Monday, November 28, 2005

The Thanksgiving that almost wasn't

The tricky part about celebrating Thanksgiving abroad is just how conspicuous you appear to the locals. In most countries, harvest celebrations are finished by the end of October. In Europe, I presume, such festas are off the calendar to give everybody the proper prelude to Xmas. (They've had electric snowflakes and blinking Santas on London's Oxford St for over a month now...the Brits really need more public holidays.) As for Thanksgiving in Italy, suspicions run particularly high whenever word spreads that American expats are mobilizing for some type of ritual feeding. And so, I couldn't help but feel at times a bit under the microscope this weekend in Amandola.

There were a few moments last Wednesay when I thought there wouldn't even be a Thanksgiving. My mischievous neighbor Michael was phoning me with panicky weather reports from the front. From the relative safety of Rome, the radio was crackling most of the morning with updates of snowfall in the Apennines, but nothing too alarming. Michael, true to form, added a little color (white) to the reports, likening our little hilltop to a scene out of the end-of-the-world-as-we-know-it flick "The Day After Tomorrow". Surely, the sybills were not pleased with the spectre of Yanks on a 4-day weekend in Le Marche, he seemed to infer. I thought I could hear him grinning on the other end, but I couldn't be sure. In the end, we did get about 10 inches of the white stuff, but thankfully the worst had come and gone by the time we set foot in the slushy town center Thursday morning to pick up the bird. Still, we had no idea what unpleasantness we were slowly driving into Wednesday night as we took the most circuitous route imagineable to avoid the mountain passes. The radio by 8 p.m. was filled with silly DJ chatter about this odd American pasttime called Thanksgiving. This was an informed forum. The talk show host threw out a statistic that 46 million turkeys would go to slaughter to feed the Americans, hoping such a sum would invite from callers moral outrage or worse, recipes. But no such luck. Like Michael, the callers wanted to talk about the November blizzard instead. The topic of American's conspicuous consumption habits would have to wait until the weather improved, perhaps next spring.

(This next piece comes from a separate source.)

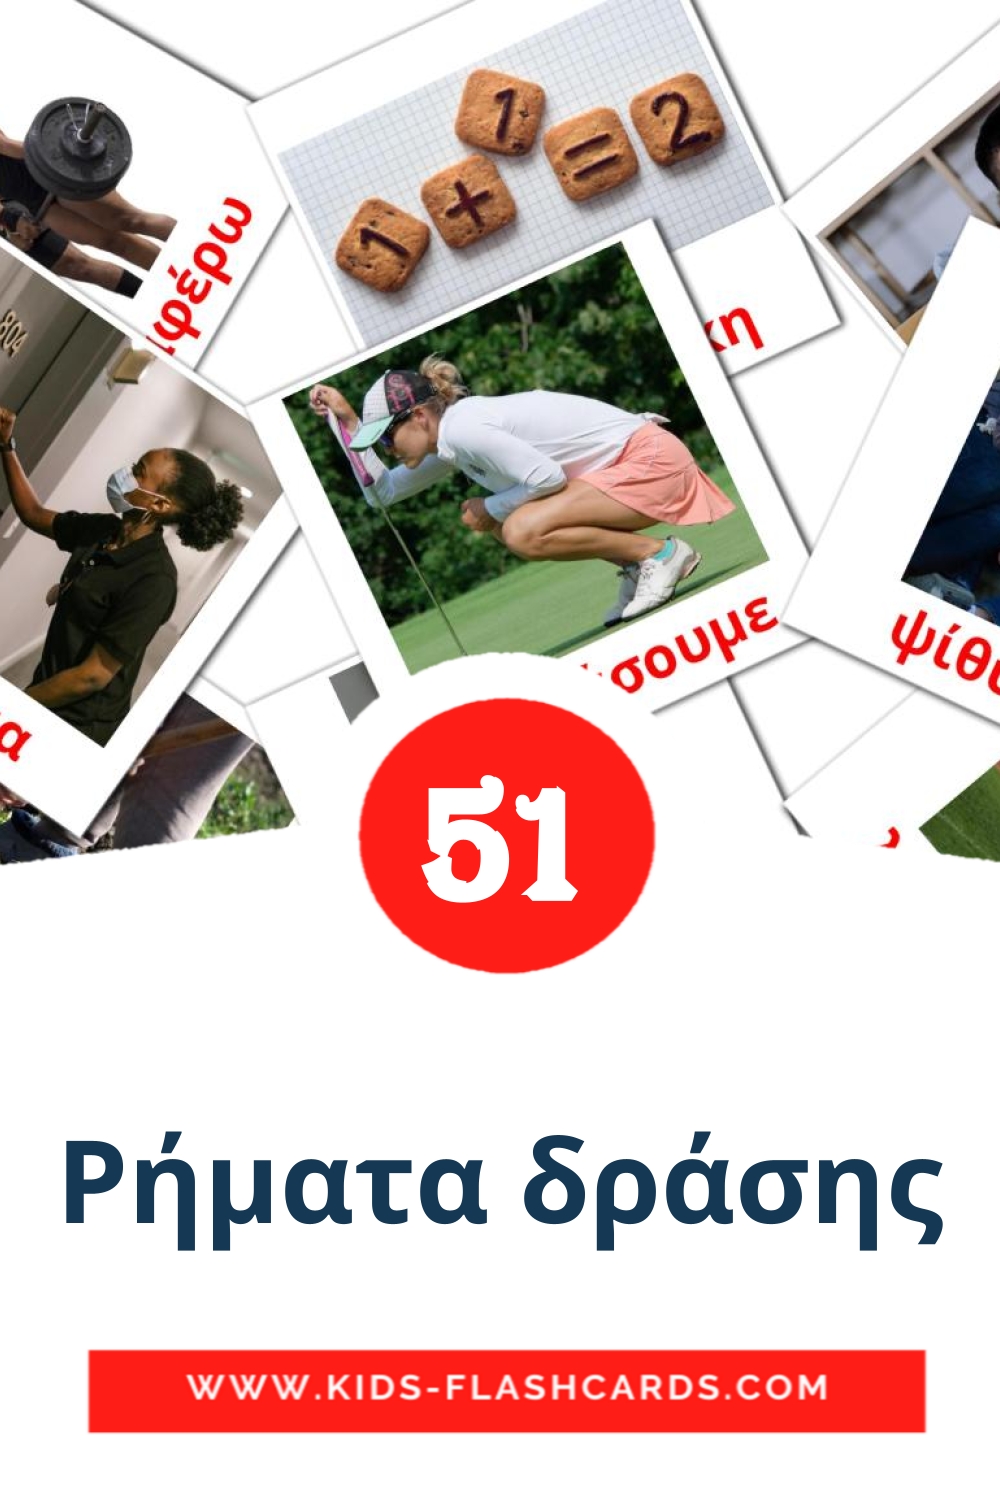 54 Ρήματα δράσης Picture Cards for Kindergarden in greek

Thankfully, Mario, our village butcher, was all business Thanksgiving morning. We were his only turkey customer that day and so he tried one last time to sell us the biggest bird he had -- (20 kg/44 lbs now. What are they feeding the turkeys in this town?) -- but we wouldn't hear of it. We got one that weighed in, on the imperial scale, at about 15 pounds. I then went off to the bank to check on my solvency. Here too the topic of Thanksgiving was, on cue, circulating around the bank like a generous drumstick with plenty of takers. A roast turkey in November. On a Thursday no less. Pazzi Americani, everybody agreed. I was just relieved to see I was still in the black. The turkey chatter clucking around would continue long after I left, no doubt. We all had a lot to be thankful for.

Back home, Michael and Lili joined us, giving a third nationality (the Brits) representation at the table. In the end, the only person who wasn't impressed by Thanksgiving was our 83-year-old neighbor Fiore. I invited him over to join us. No, no, no, he insisted. He had plans. Plans?, I gasped, spying his Fiat Panda half buried in snow. Yep, cards. The fellas were coming over for a game of Tre Sette. If the weather cancelled their evening, then, he said, he would consider stopping over to say hello. He then shut the door to keep the heat inside.

Fiore missed out. The meal was the best Thanksgiving feast in memory, and not just because we could not source Brussel sprouts nor any of its Belgian cousins. The turkey was sumptuous. As was the homemade stuffing and roasted veg (thanks to culinary maestre, Helen and Kate). The wine was in abundant supply. The fireplace was crackling. Snowflakes streamed past the window. The conversation, always lively, zipped across the planet at times including these imponderable moments: Judy Garland and her legacy from the Wizard of Oz to the Stonewall riots (courtesy of Jim), a few NY restaurant tips the next time I am in town (Helen), do all Americans really celebrate Thanksgiving? (Cristina) Something about how the good weather leaves the region whenever I come to Amandola and thus, the farmers want to know, if I could strategically arrive next year 2 weeks before the harvest (Michael).

Next door, Fiore and his pals played cards well into the night. As I turned out the lights around midnight I could see they were still going at it. We were in a tryptophan-induced fog. Turkey, I muttered.